Entonces, ¿cómo curamos esta ceguera moral? ¿Cómo nos damos cuenta de los daños de lo que estamos haciendo?
Aunque me duele decirlo, no creo que la razón vaya a hacerlo. Los últimos años le han dado la razón al filósofo David Hume: “la razón es y debería ser sólo esclava de las pasiones”. Todavía no he oído hablar de alguien que se haya convencido de lo absurdo de la narrativa de la COVID basándose únicamente en la razón o la evidencia. Trabajé durante meses con la Canadian Covid Care Alliance para proporcionar información basada en evidencia sobre el COVID-19, pero no vi ningún efecto real hasta que hice un video en el que lloraba.
Al decir esto, no pretendo menospreciar la importancia de la evidencia científica rigurosa ni elevar la retórica descuidada. Pero lo que he aprendido al hablar con miles de ustedes en eventos y protestas, en entrevistas y por correo electrónico es que mi video tuvo resonancia no por algo en particular que dije, sino porque sintieron mi emoción: “Lloré contigo”, dicho. "Mostraste lo que todos estábamos sintiendo". “Hablaste a mi corazón”. Y eso es lo que marcó la diferencia.
¿Por qué lloraste cuando viste ese video? ¿Por qué se derraman lágrimas por el brócoli en el supermercado? Porque creo que nada de esto tiene que ver con datos, evidencia y razón; se trata de sentimientos, buenos o malos. Sentimientos que justifican nuestra cultura de pureza, sentimientos que motivan nuestras señales de virtud, sentimientos de que nos han dicho que no importamos, sentimientos de que, a pesar de todos nuestros esfuerzos, algún día no habrá señal de que alguna vez caminamos sobre esta tierra.
Estabas respondiendo no a mis razones sino a mi humanidad. Viste en mí a otra persona que abrazaba lo que sentías, extendiéndose a través del golfo para conectarse con el significado que todos compartimos. La lección que podemos aprender es una confirmación de la exhortación del psicólogo belga Mattias Desmet de seguir buscando lo que todos anhelamos profundamente: significado, puntos en común, conexión con la humanidad en los demás. Y así tenemos que seguir luchando.
¿Importan los hechos? Por supuesto que lo hacen. Pero los hechos, por sí solos, nunca podrán responder a las preguntas que realmente necesitamos hacer. La verdadera munición de la guerra contra el COVID no es la información. No es una batalla sobre qué es verdad, qué se considera desinformación, qué significa #seguirlaciencia. Es una batalla sobre lo que significan nuestras vidas y, en última instancia, sobre si importamos o no.

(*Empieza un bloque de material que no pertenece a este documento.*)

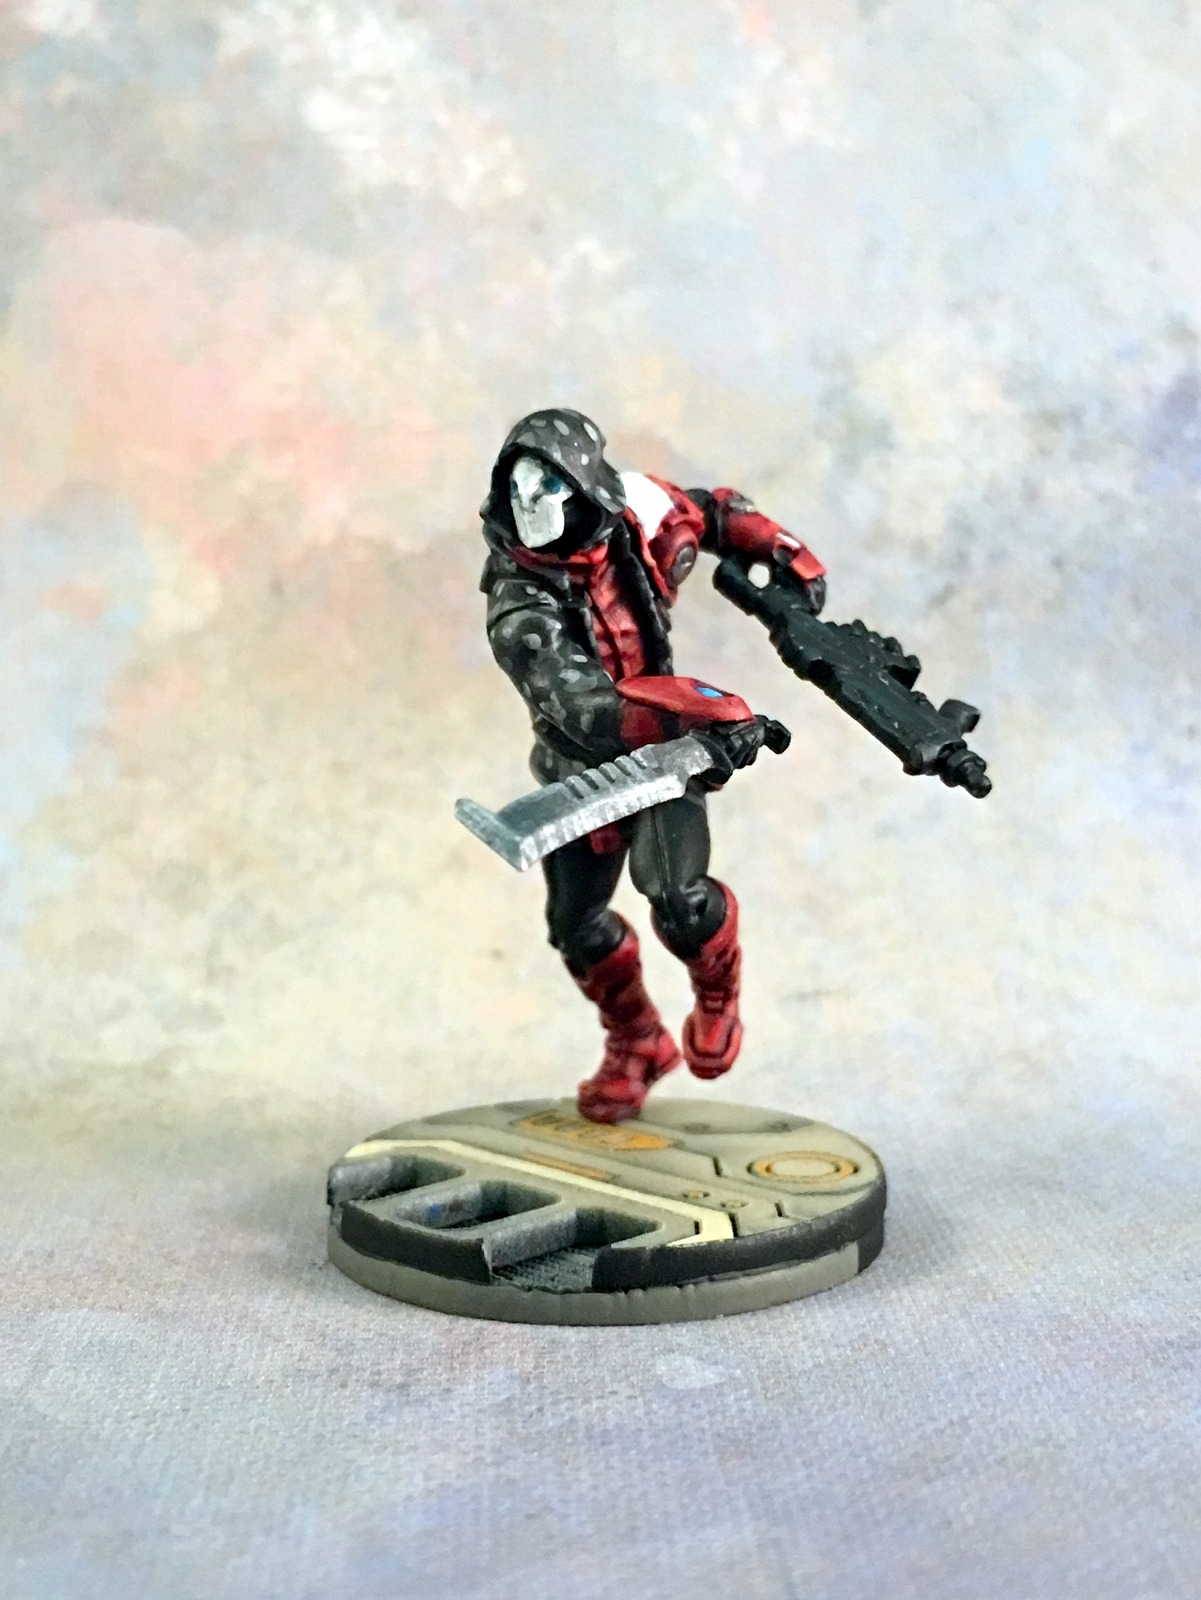 Infinity - Bandit Shotgun 1

Kelly-Sue necesita decirse a sí misma que ella es importante en un momento en el que el mundo no la escucha. Necesita testificar sobre su propia historia hasta que se registre en nuestro radar cultural. Necesita hablar por aquellos que no pueden hablar por sí mismos.
Al decirse a sí misma que ella es importante, ya ha hecho todo lo que cualquiera de nosotros puede hacer. Ha encontrado significado y propósito; ahora sólo necesita seguir adelante con su vida, como todos debemos hacer.